Read original: arXiv:2207.00625 - Published 8/21/2024 by Felix Weitkamper

🛸

Overview

The behavior of statistical relational representations across differently sized domains has become an important area of research.
Projectivity, where marginal probabilities are independent of the domain size, is a key property that has emerged.
This paper extends the notion of projectivity from families of distributions to functors taking structured data, making it applicable to a wider range of applications.

Plain English Explanation

The paper explores how the way statistical models represent relationships between data can change as the size of the dataset changes. A key concept called projectivity has emerged, which means that the probability calculations made by the model don't depend on the total size of the dataset.

The researchers wanted to expand this idea of projectivity beyond just simple distributions to more complex, structured datasets. By doing this, they could apply the benefits of projectivity to a wider range of real-world applications that use structured data, like databases.

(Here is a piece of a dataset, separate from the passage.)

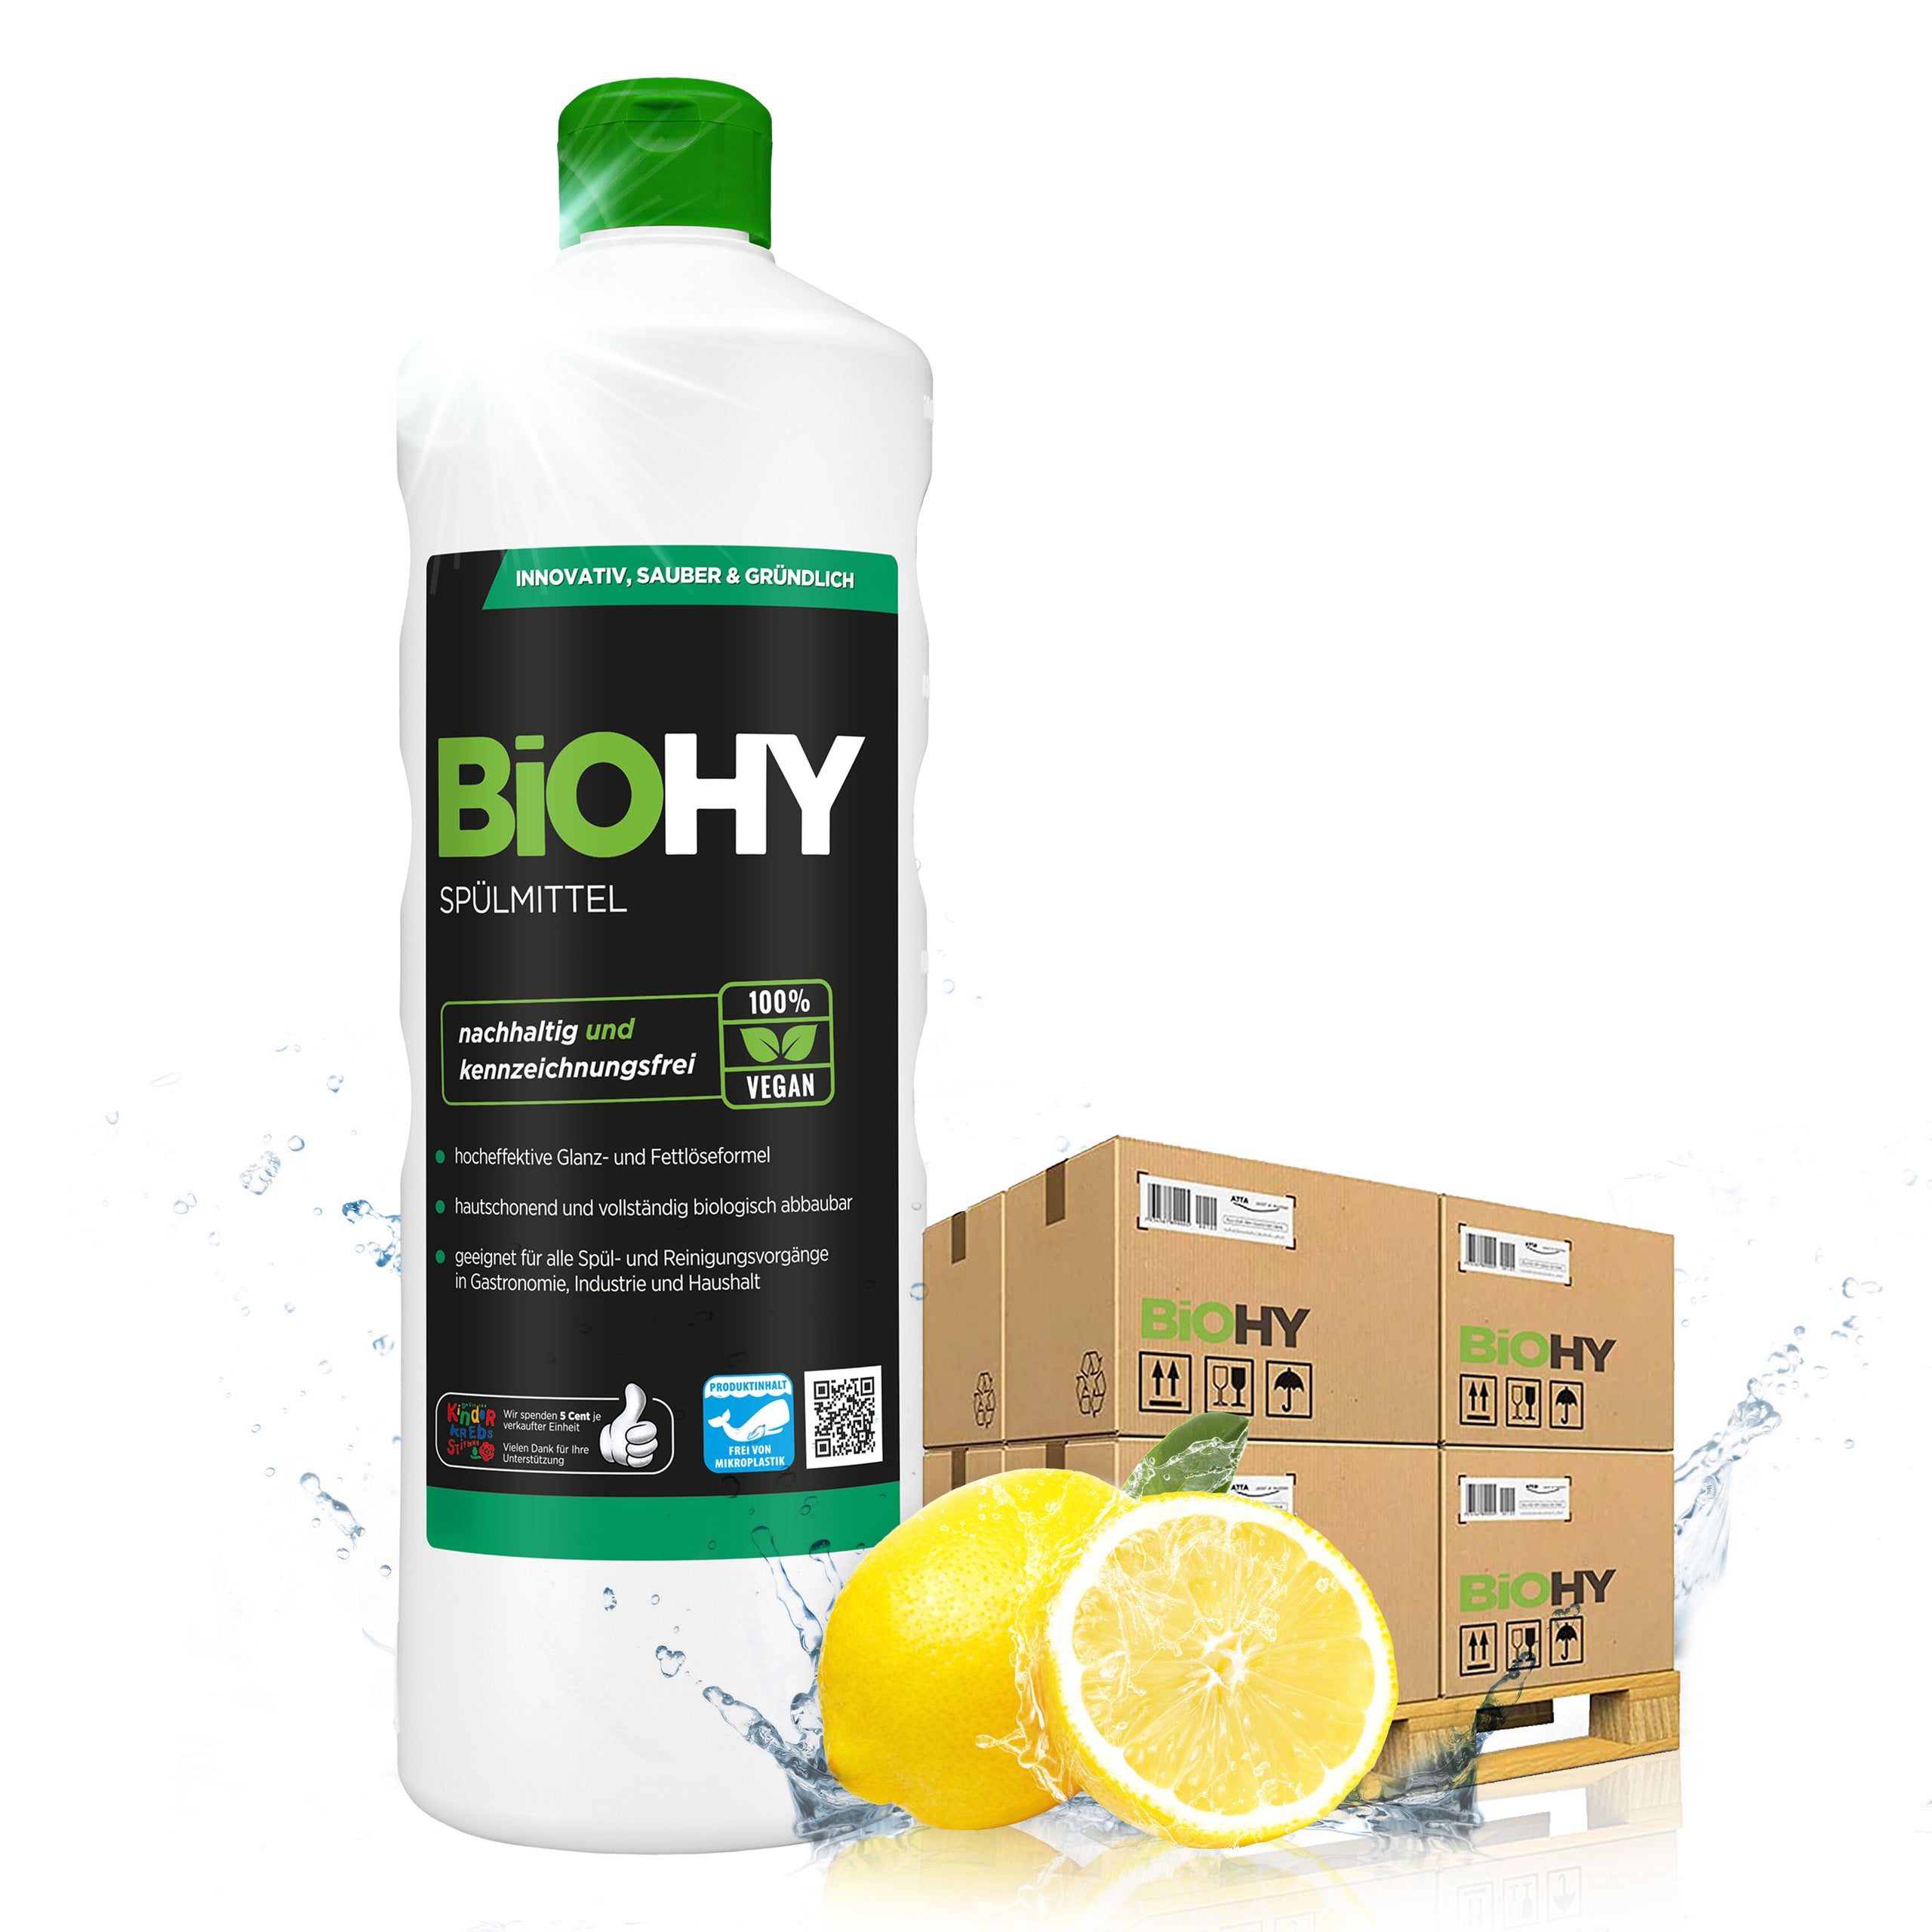 BiOHY washing-up liquid, dishwashing liquid, hand washing-up liquid, dishwashing detergent, B2B

The paper shows how to adapt the key mathematical results about projective distributions to this new, more general setting. It also reveals an interesting connection between projectivity and modeling data on infinitely large domains. Finally, the researchers introduce an even stronger version of projectivity, called σ-projectivity, which allows models to be used in different ways while still maintaining the size-independence property.

Technical Explanation

The paper extends the concept of projectivity from families of probability distributions indexed by domain size to more general functors taking structured data from a database. This makes projectivity applicable to a wider range of applications that use rich, relational data as input.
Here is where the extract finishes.